The Tigers showed a bit of life on defense in the practice that followed, forcing a nearly three and one out early and shortly after almost forcing a turnaround in the red zone. Dartmouth managed to hold onto the ball, however, and the run ended with a 33-yard field goal from kicker Connor Davis ’22, giving Dartmouth a 17-0 lead with nine minutes left in halftime.

Princeton was able to respond with a touchdown, but that would prove to be the Tigers’ only points of the game. Faced with a chance to reduce Dartmouth’s lead to 7 points at the end of half-time, Princeton kicker Jeffrey Sexton missed his 27-yard attempt from the right upright and the Big Green maintained their lead of 17- 7 before half-time.

The second half was marked by strong defensive play from Dartmouth. After failing to allow a score throughout the half, the Big Green held a Princeton offense averaging 37 points per game coming into play for just seven in total. Dartmouth was able to put constant pressure on the Princeton offense, forcing a few bad shots and stacking six sacks as a team.

“On the film, they showed a lot of things,” said ’23 defensive lineman Shane Cokes. “It seemed to be physical with them, especially with the bull rush, it worked a lot, so throughout the week we focused on that.”

Cokes personally collected two and a half sacks against the Tigers.

The offense managed to extend the lead to 24-7 in the third quarter thanks to a 20-yard touchdown reception by wide receiver Jonny Barrett ’23, but it was the defense that sidelined the game. for real.

In the next practice, with less than 10 seconds left in the third quarter and Princeton on the Dartmouth side, a misguided pass found the waiting hands of cornerback Isaiah Johnson ’22, who took 73 yards at home for a score.

“Every week, [Teevens] says the same thing: know your opponents better than they know themselves.
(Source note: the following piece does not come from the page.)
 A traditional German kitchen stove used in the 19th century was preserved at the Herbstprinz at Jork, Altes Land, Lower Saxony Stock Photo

Johnson said. “When I got into the movie, I said [associate head coach Sammy McCorkle] that whenever I see a receiver two meters from the hash, they were running the team. So they got out for the game, I saw the receiver go two yards from the hash, and I guessed the hitch, and I was right.
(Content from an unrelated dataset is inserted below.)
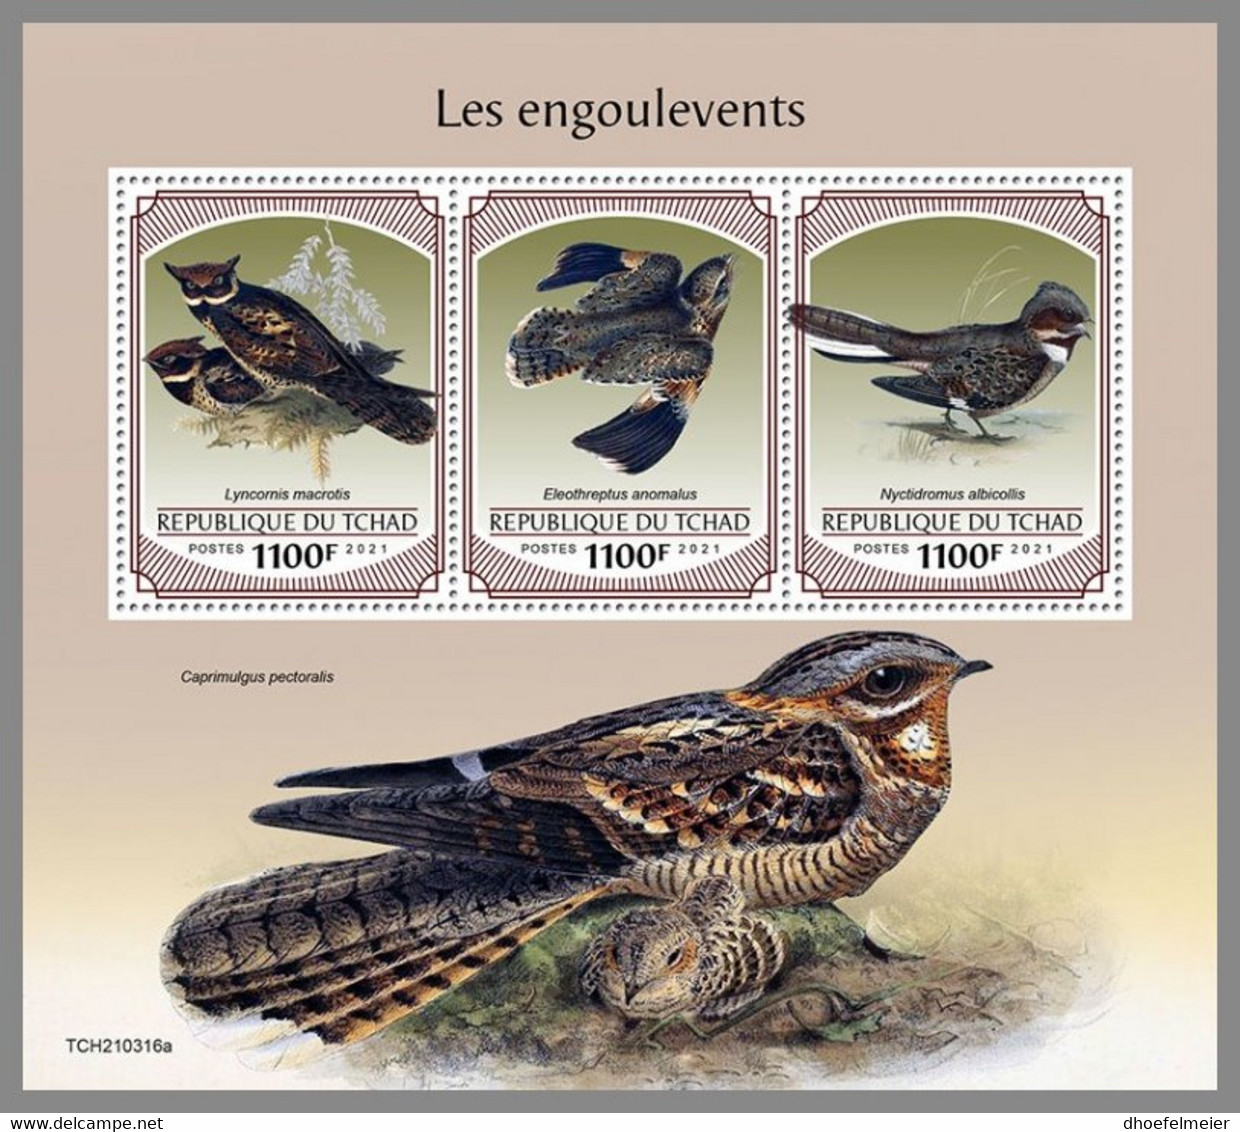 CHAD 2021 MNH Nightjars Nachtschwalben Engoulevents M/S - OFFICIAL ISSUE - DHQ2144 - Golondrinas

Johnson’s big game was the backbreaker for Princeton. The Tigers were able to make another long drive, hitting him almost in the end zone, but returned the ball on the downs. Princeton never threatened to score again.
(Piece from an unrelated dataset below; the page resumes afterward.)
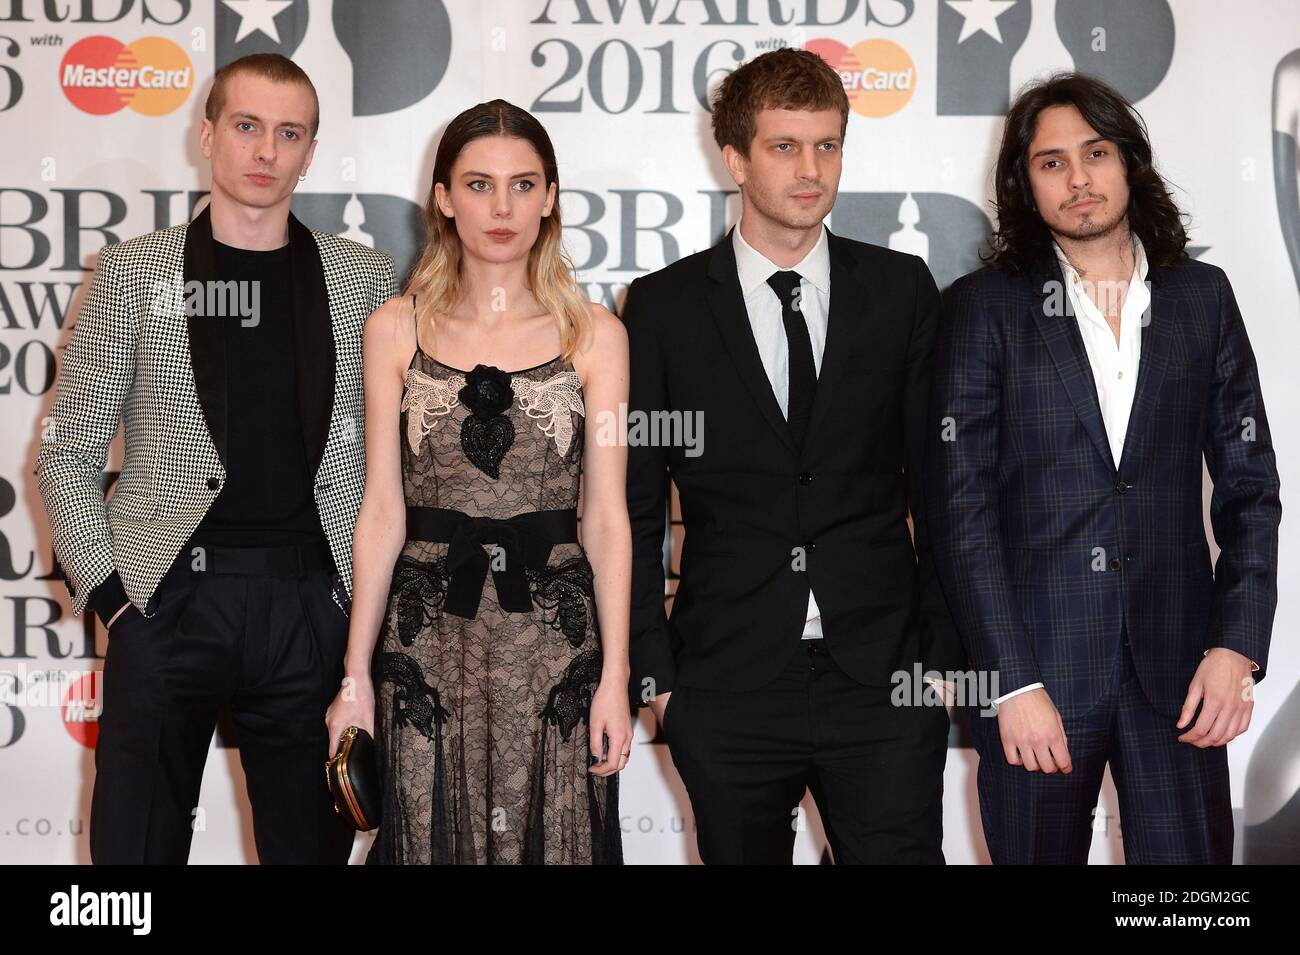 (L - R) Theo Ellis, Ellie Rowsell, Joff Oddie, Joel Amey of Wolf Alice arriving for the 2016 Brit Awards at the O2 Arena, London. Stock Photo

Dartmouth must now avoid a disappointment in the last two games of their title defense. The Big Green will then enter the field on Saturday at home against Cornell University, whose record is 2-6 overall and 1-4 in the Ivy game. Two years ago, Cornell upset Dartmouth in a match where the Big Green could have won a share of the Ivy League title with a win.

“The loss we had to Cornell… nobody forgot about it,” Kyler said. “I don’t see us taking our foot off the accelerator.”